# plastic shutters blistering



## mpminter (Mar 21, 2011)

Yesterday I painted some brand new shutters for a customer, and he called today to tell me that there are blisters and bubbles popping up everywhere. They shutters were wiped down with denatured alcohol, sprayed with Bulls Eye 1-2-3, allowed to dry for a couple hours, and then sprayed with Duration exterior satin. I don't have a picture right now, but I'll try to get one up tomorrow. Any ideas as to what may be the cause? Again, these shutters were brand new out of the box, and they were allowed to dry for a couple minutes between being wiped down and being sprayed. The only thing I can think of is that maybe the primer wasn't dry when i applied the Duration, but I have no idea.


----------



## RH (Sep 7, 2010)

Maybe the surface temp was too high? Was it in direct sunlight?

Also, is denatured alcohol really the best solvent to tack that product with? Usually that's reserved for shellac, mineral spirits for oil and plain old H2O for acrylics.


----------



## Dave Mac (May 4, 2007)

seen that happen when it was really hot outside and two coats applied in the sunlight


----------



## DeanV (Apr 18, 2007)

A lot of factory cored plastic shutters are supposedly unpaintable per label and manufacturer instructions. At HD, the paintable kind is a different plastic than the colored ones from the same manufacturer. Not sure if XIM plastic and vinyl primer could stick to that kind of plastic or not but it is the only kind I would try.


----------



## CliffK (Dec 21, 2010)

Dave Mac said:


> seen that happen when it was really hot outside and two coats applied in the sunlight


 I have seen the same. What happens essentially is that the primer or finish dries before it has a chance to adhere properly. Usually it's the primer, so it is just kind of sitting on top because it was too "dry" to stick. When you put the top coat on it "wets" it and causes it to bubble. I have also seen this happen with low humidity windy conditions on the exterior.
Could be that or like Dean suggested ,it is some funky plastic where the primer just didn't bond.


----------



## mpminter (Mar 21, 2011)

Gibberish45 said:


> Maybe the surface temp was too high? Was it in direct sunlight?
> 
> Also, is denatured alcohol really the best solvent to tack that product with? Usually that's reserved for shellac, mineral spirits for oil and plain old H2O for acrylics.

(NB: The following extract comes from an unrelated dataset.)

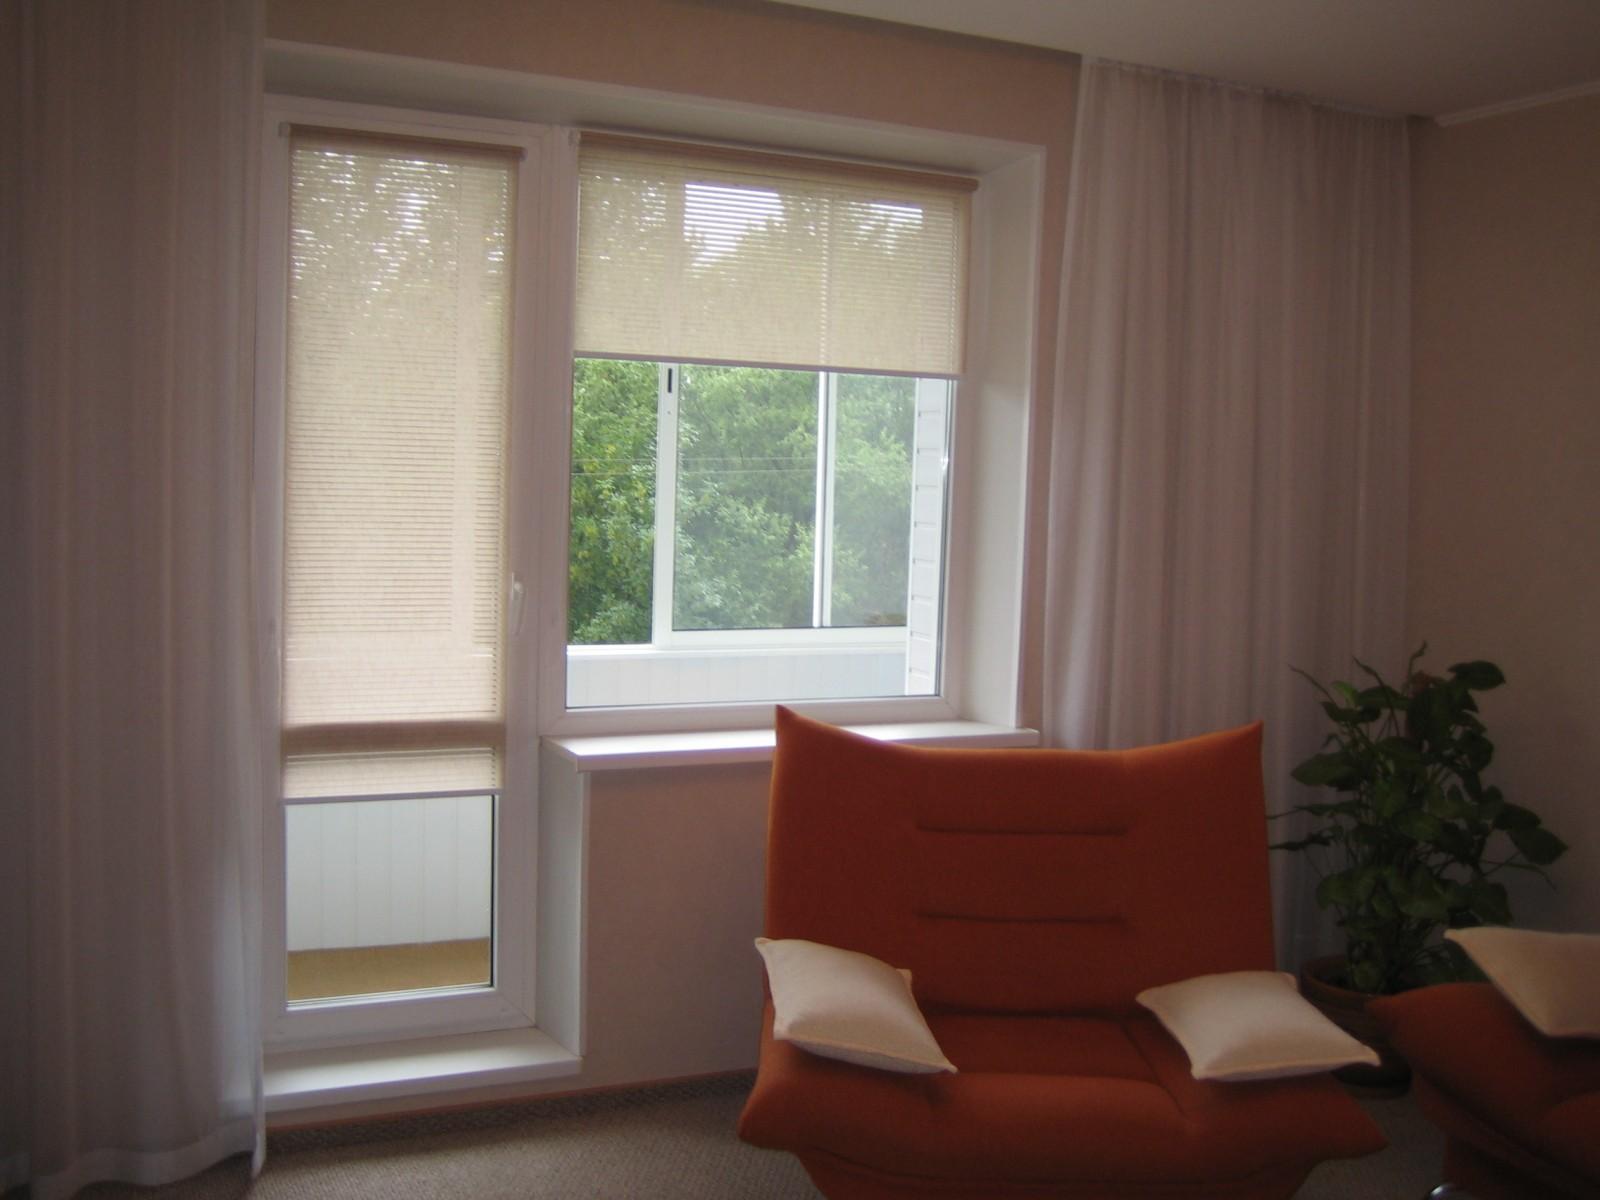 Шторы на окна с балконной дверью: варианты для кухни, спальн.

I went with the denatured alcohol just because I didn't want to risk acetone damaging the shutters. The area I had set up for painting was cool, breezy and probably 50-70% shaded so I seriously doubt it was too hot. I've used the XIM product before, but it dried so fast that it was miserable to work with, and I would have had to buy a ton of xylene to clean my sprayer. In retrospect, that was probably the best option. I will be going by to take a look tomorrow morning and I will be curious to see if the top coat is bubbling off the primer or if the primer is bubbling off the surface.


----------



## NCPaint1 (Aug 6, 2009)

Why would you need xylene to clean up XIM? Theres a water and oil version. No need for xylene.

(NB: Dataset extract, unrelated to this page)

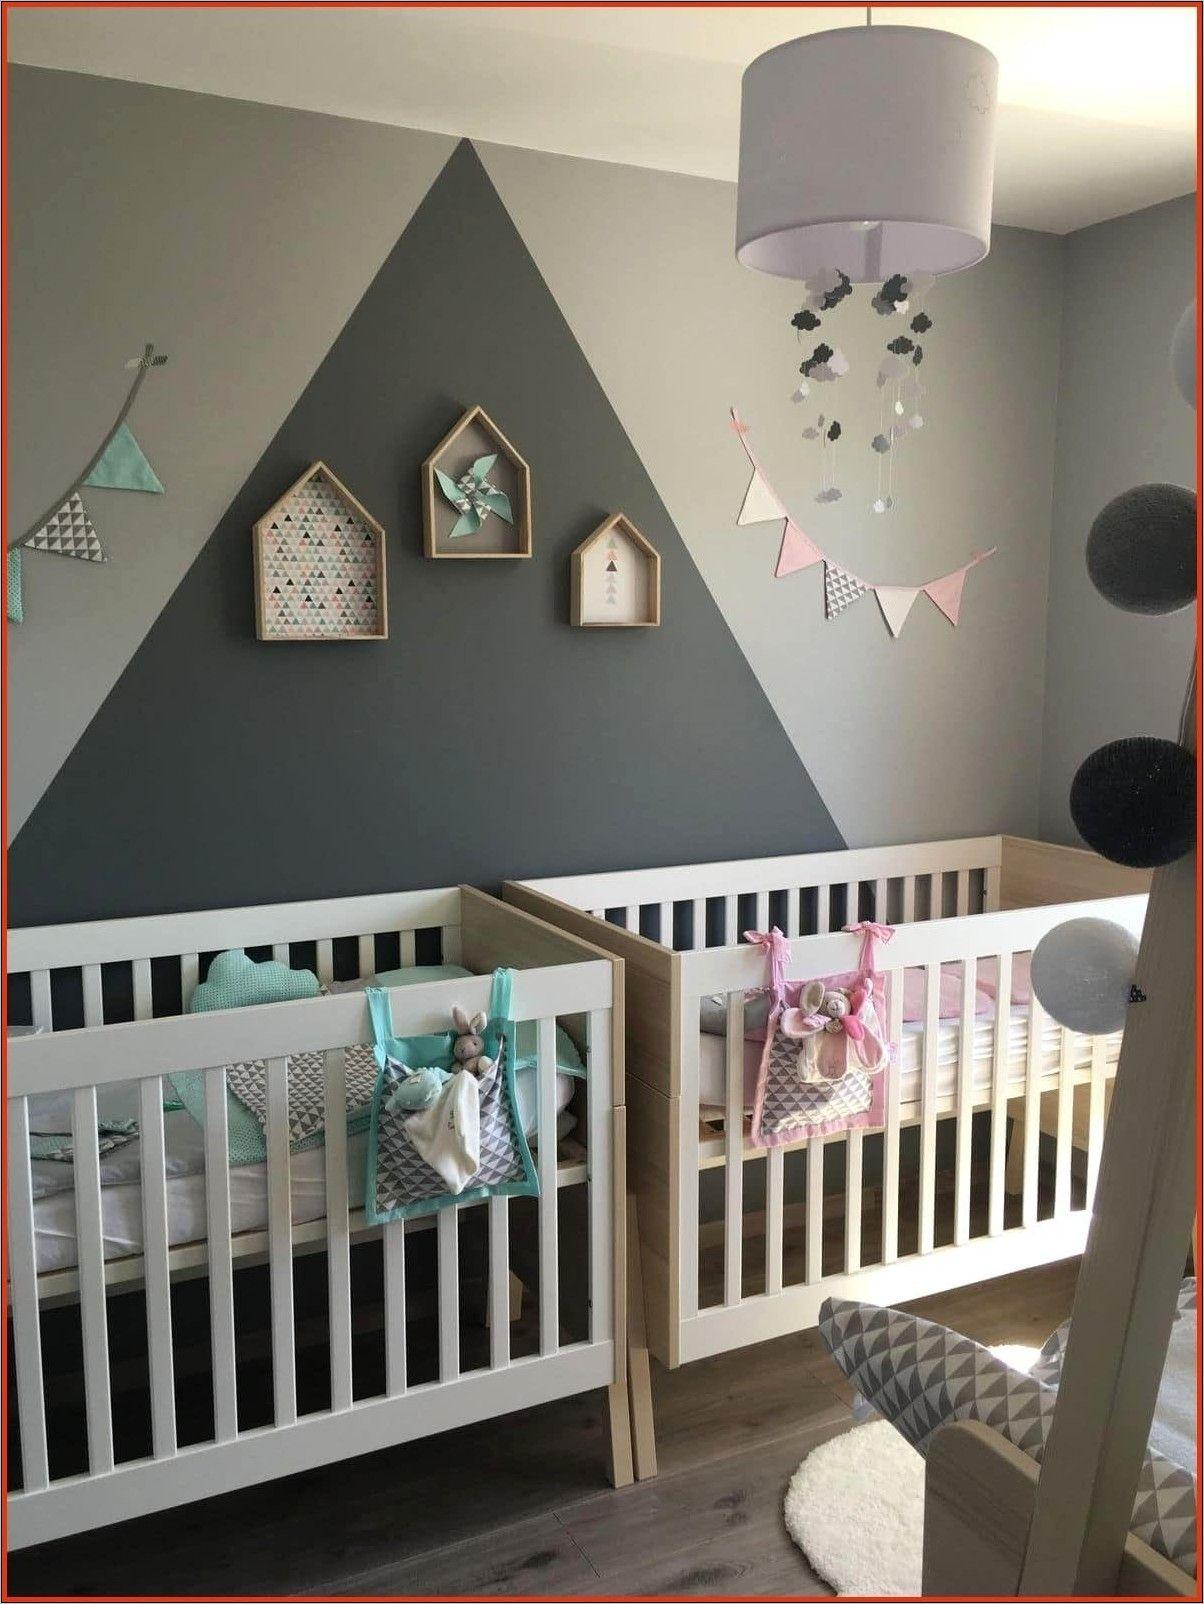 Deco Chambre Jumeaux Fille Garçon  Décoration murale chambre bébé

Sent from my Android, which is still better than the iPhone 6


----------



## straight_lines (Oct 17, 2007)

I ran into this last year. Had to wipe with xylol and used stix. It finally worked.


----------



## Rick the painter (Mar 30, 2009)

Were they outside thru the evening? Condensation could have got ya.I had similar problem with BM Mooreglo.The new coatings dont cure as fast as the old and can get damaged easier.


----------



## Workaholic (Apr 17, 2007)

I would think maybe it was the temp but I have never had a problem with just slapping some paint on them without primer.


----------



## Rbriggs82 (Jul 9, 2012)

Workaholic said:


> I would think maybe it was the temp but I have never had a problem with just slapping some paint on them without primer.


Me neither, sometimes less is more.


----------



## mpminter (Mar 21, 2011)

Workaholic said:


> I would think maybe it was the temp but I have never had a problem with just slapping some paint on them without primer.

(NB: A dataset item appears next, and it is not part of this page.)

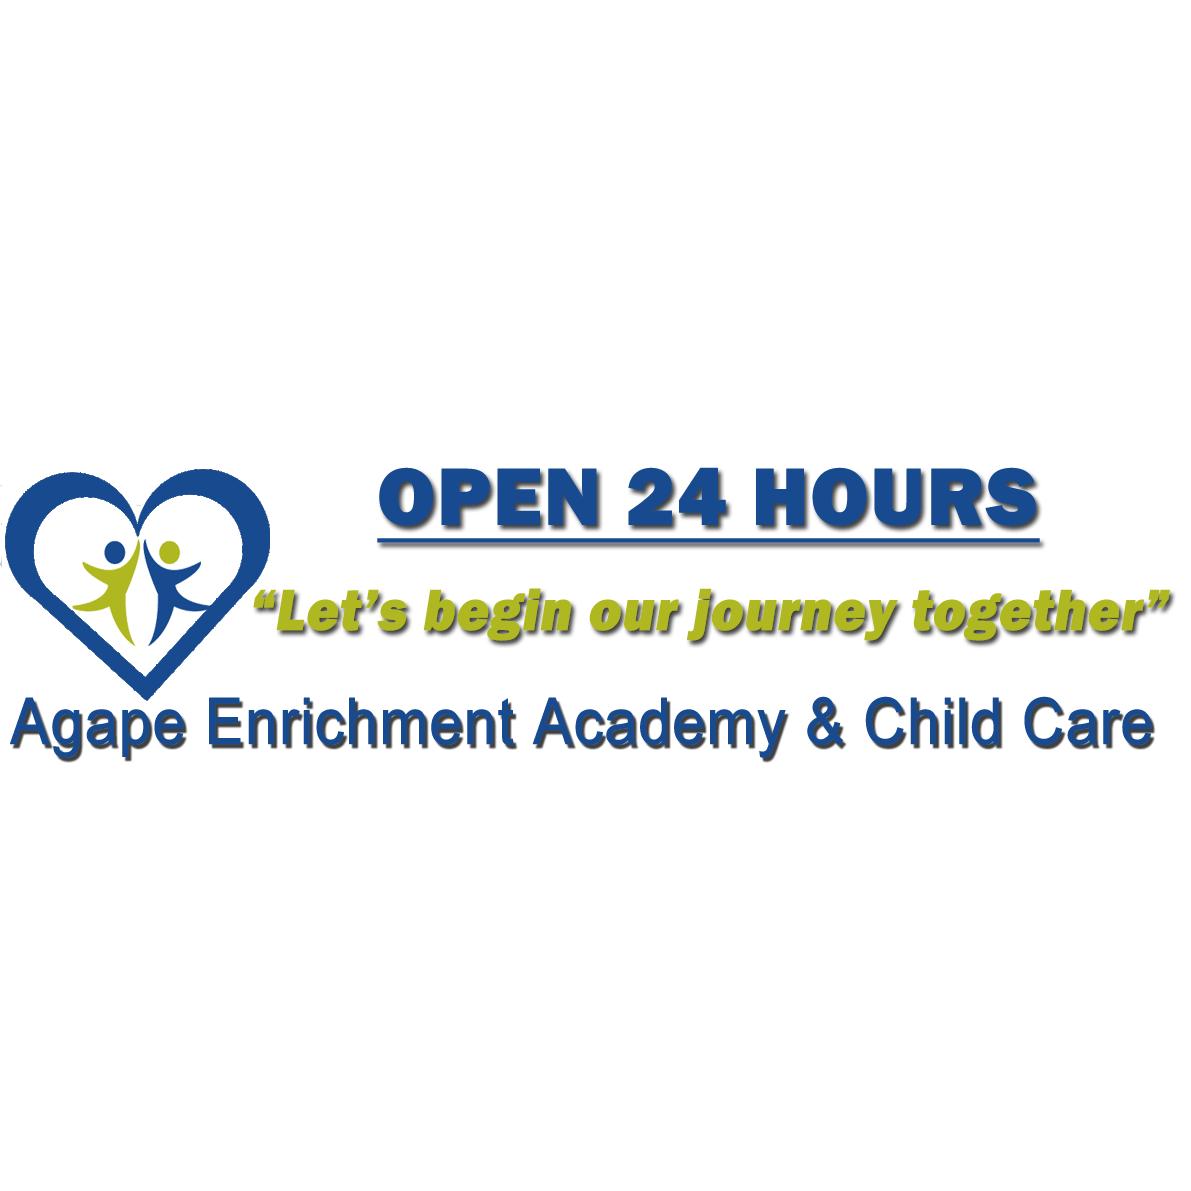 Agape Enrichment Academy & Child Care

This is what I've done in the past with no problems, however the customer was a little dubious. This is an add on, so he's paying for labor and material and I figured what the heck, I'll just prime them. I may have outsmarted myself here...


----------



## DeanV (Apr 18, 2007)

If adhesion is real poor, powerwashing might get most of the paint off,


----------



## NACE (May 16, 2008)

Had a presentation at our PDCA meeting tonight from XIM rep. She was great. The XIM plastic and vinyl primer is designed exclusively for those types of shutters that are unpaintable. She had some great samples. These shutters don't have a release wax on them that makes paint crawl but have plasticizers in them that reject all coatings even after solvent wipe.


----------



## Gough (Nov 24, 2010)

DeanV said:


> If adhesion is real poor, powerwashing might get most of the paint off,


Since we don't have easy access to a hot-water power washer, we sometimes take projects like this to the car wash. I think the last time we did that was to prep some plastic shutters for repainting.


----------